▶ **Aim of the task**: I'd like the data beneath this line reproduced exactly, without any of its images.

▶ **Given data**:
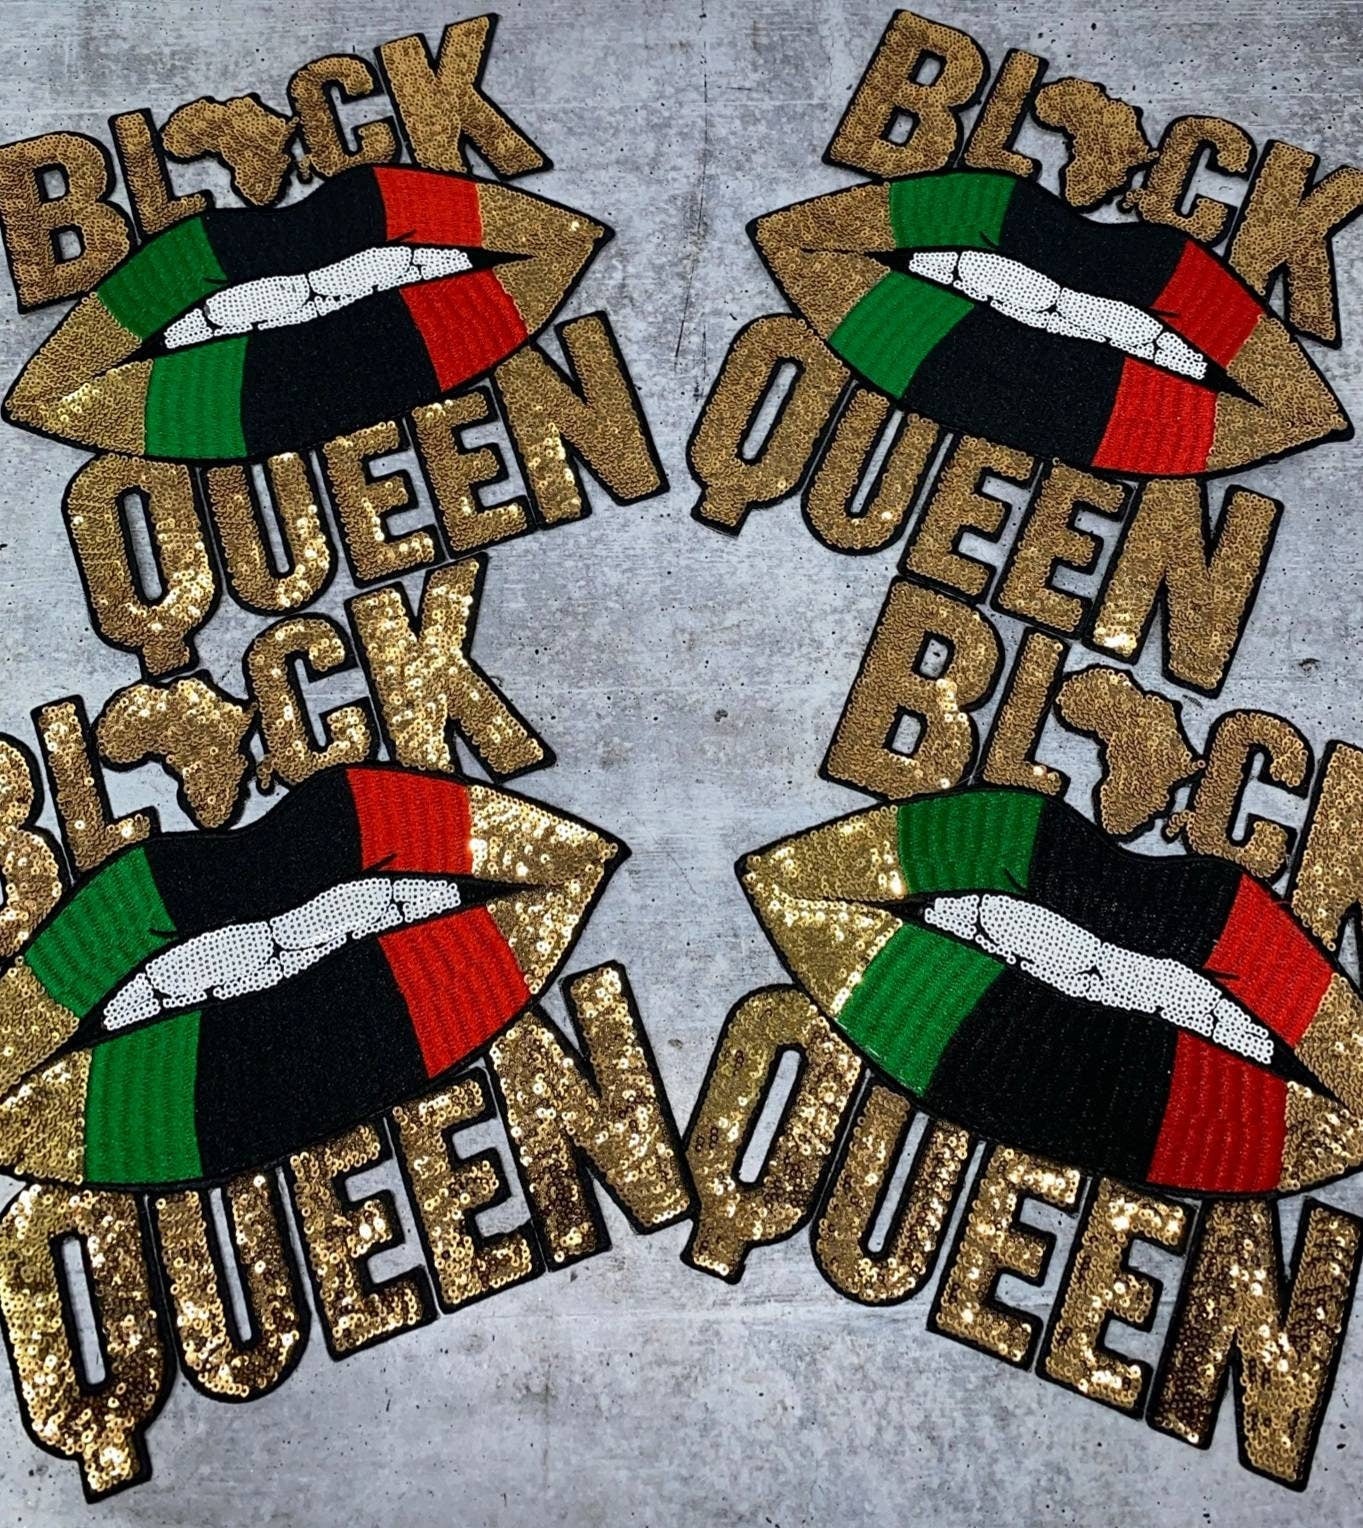 New, Sequins,"Black Queen" Gold/Green/Black/Red Lips, (iron-on) Size 10.5", LARGE Bling Patch for Denim Jacket, Shirts, Hoodies, and More
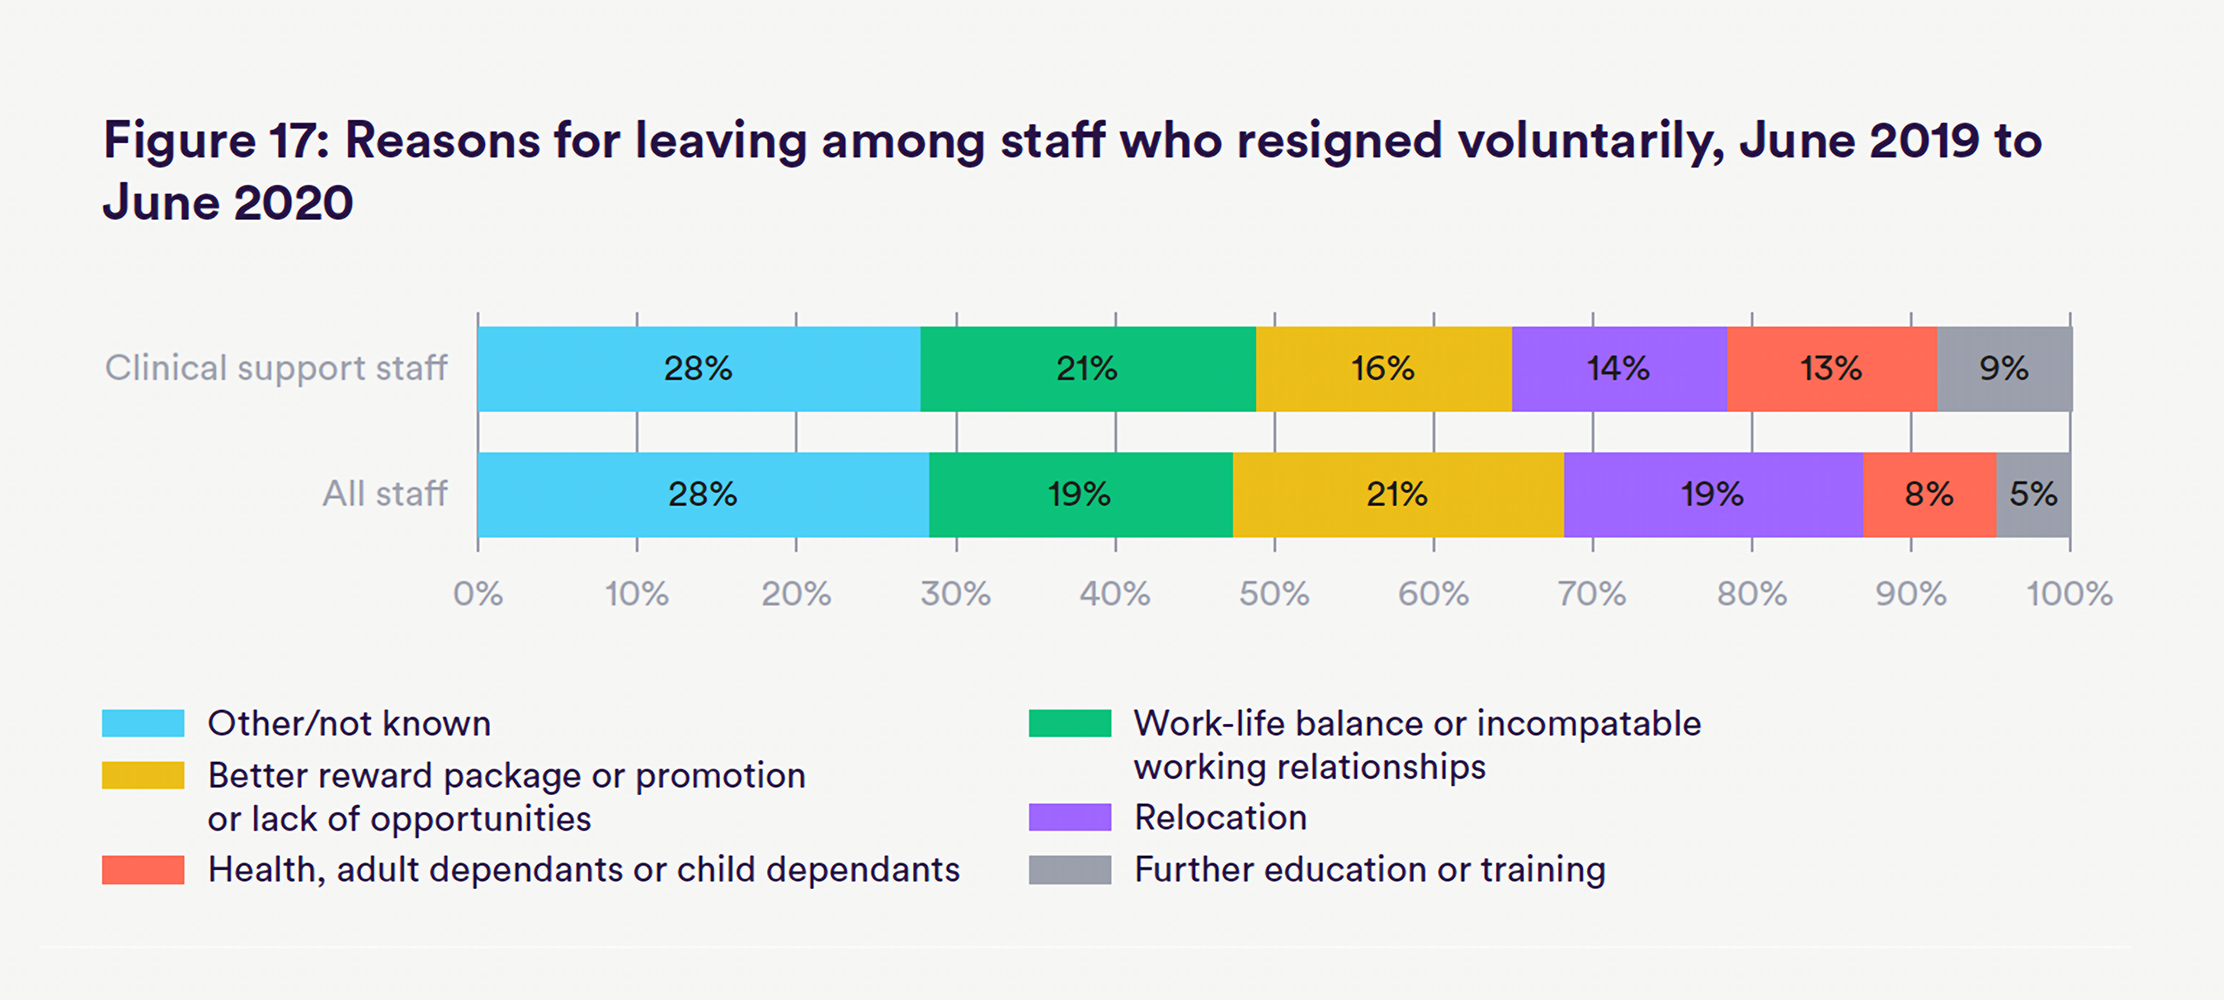 Reasons for leaving among staff who resigned voluntaryily, June 2019 to June 2020
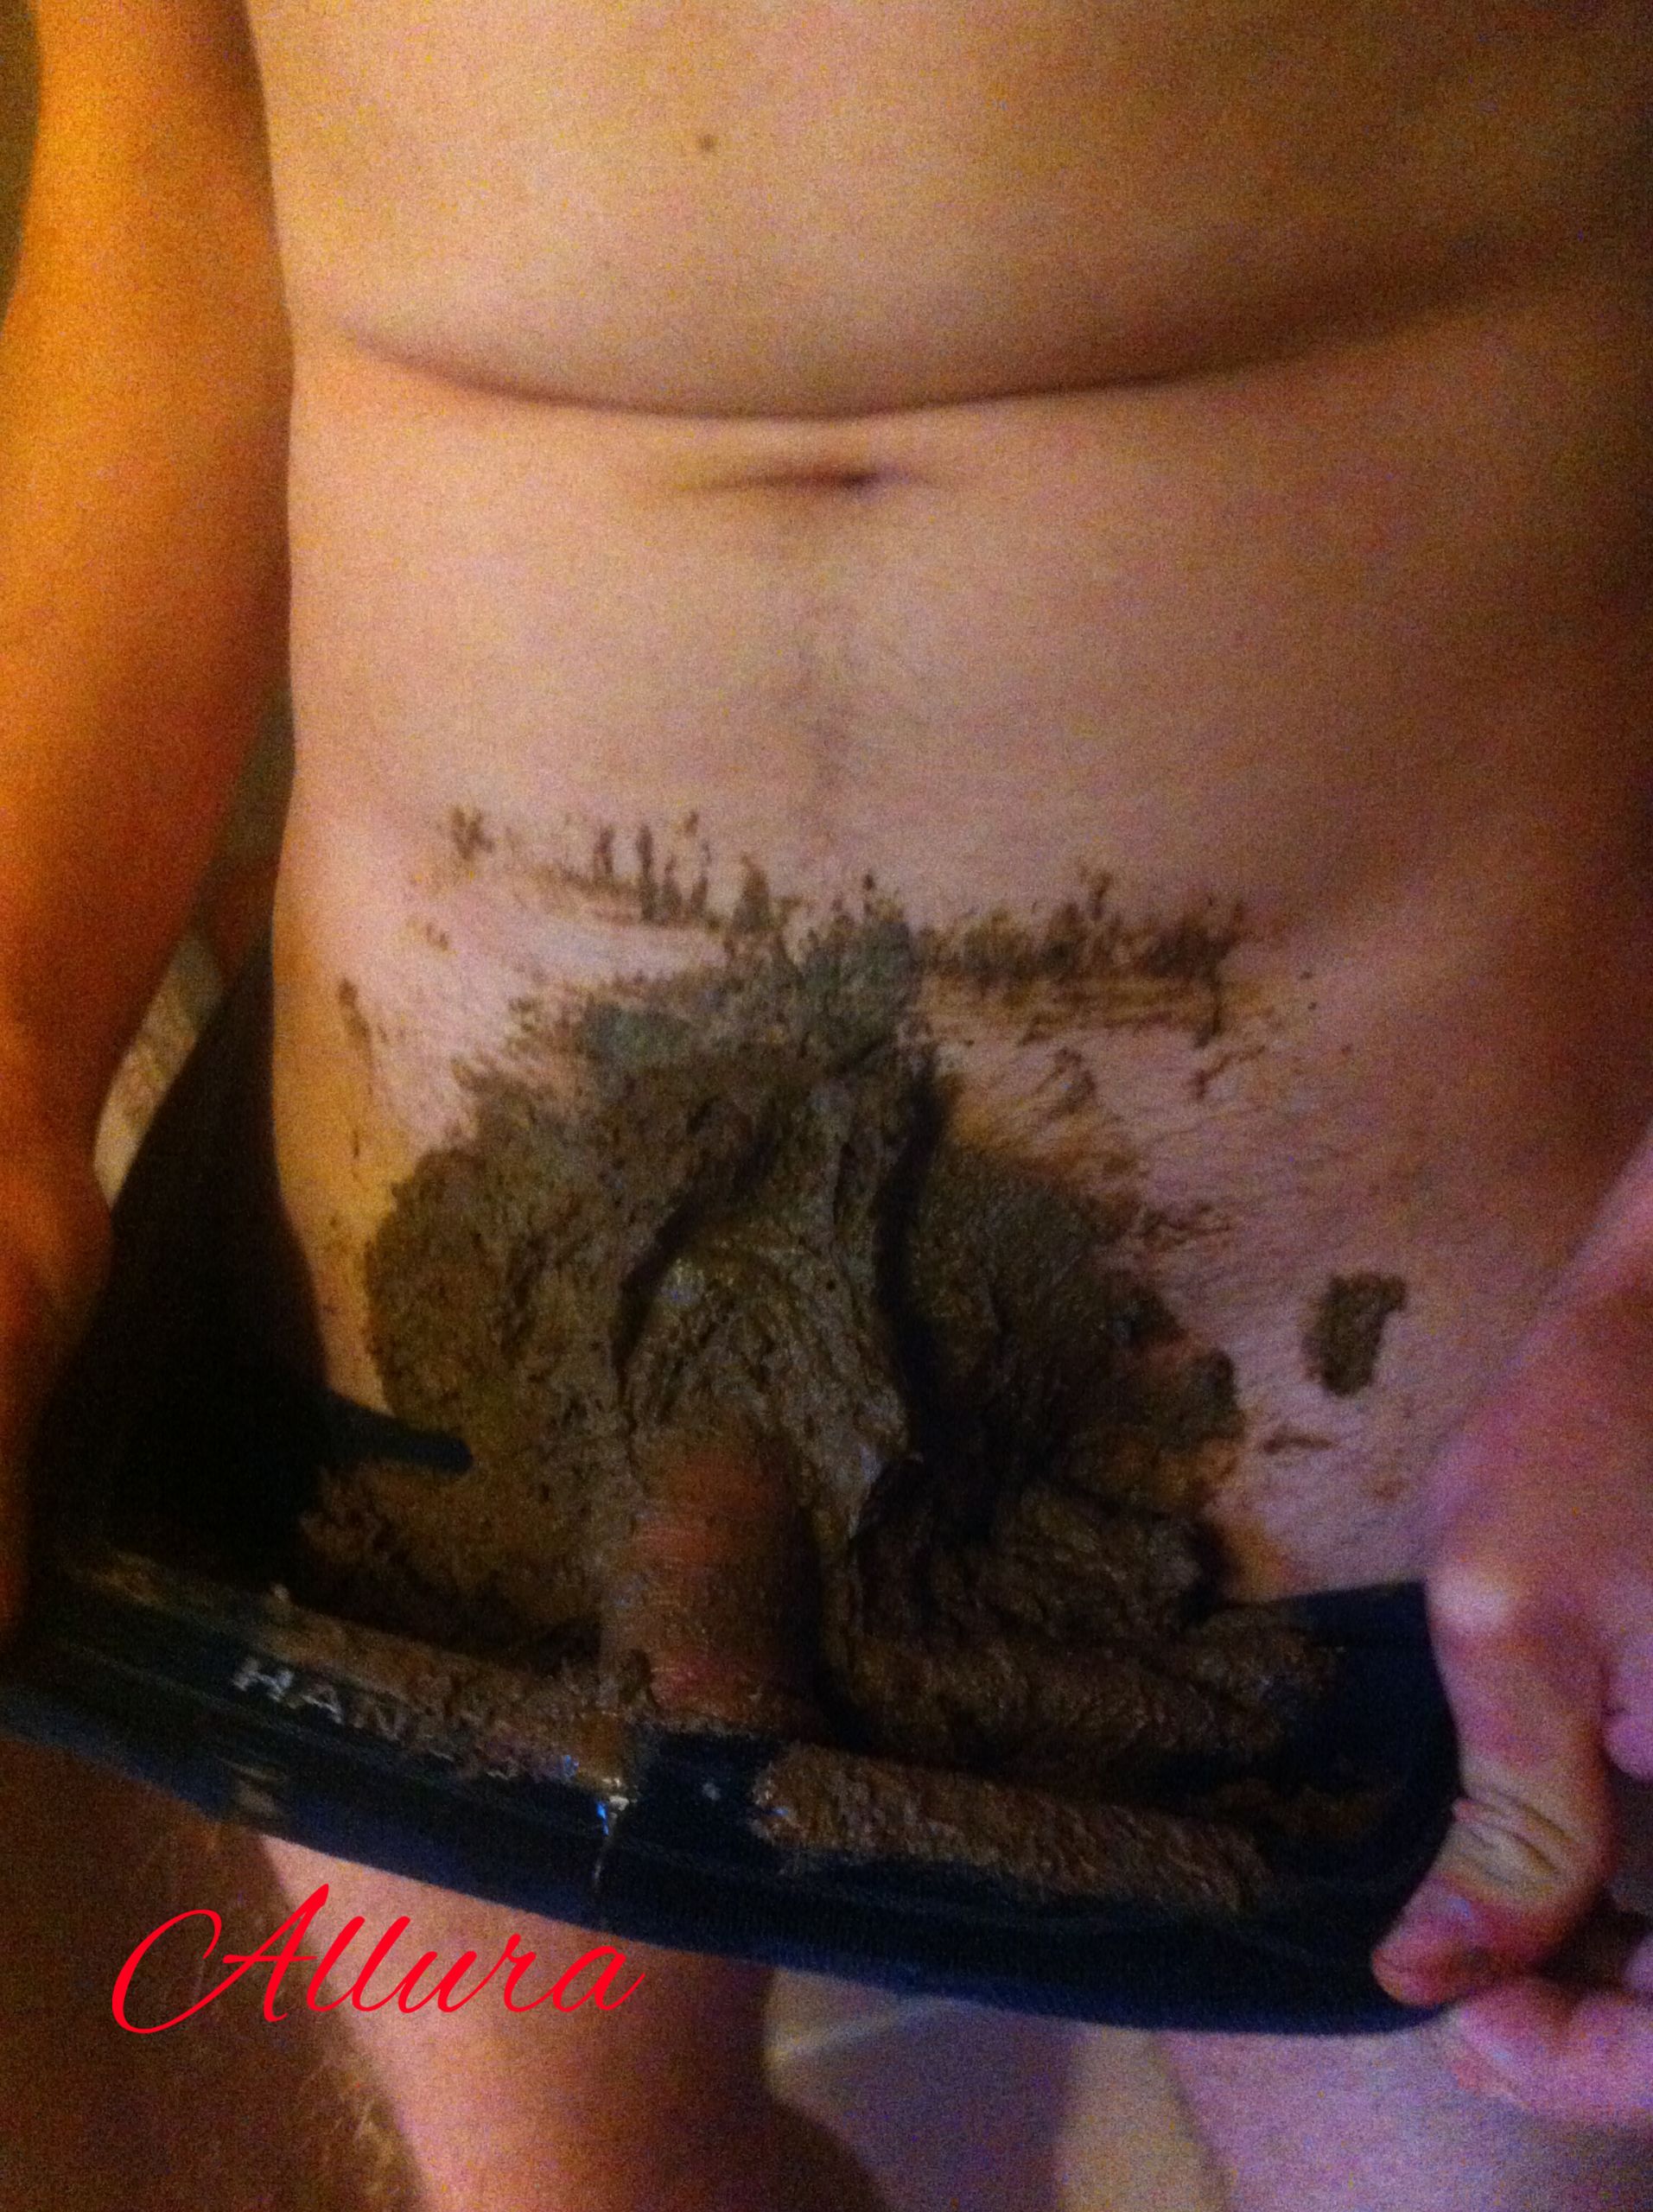 Dirty cock when I am done with him

▶ **Solution**:
 New, Sequins,"Black Queen" Gold/Green/Black/Red Lips, (iron-on) Size 10.5", LARGE Bling Patch for Denim Jacket, Shirts, Hoodies, and More
 Reasons for leaving among staff who resigned voluntaryily, June 2019 to June 2020
 Dirty cock when I am done with him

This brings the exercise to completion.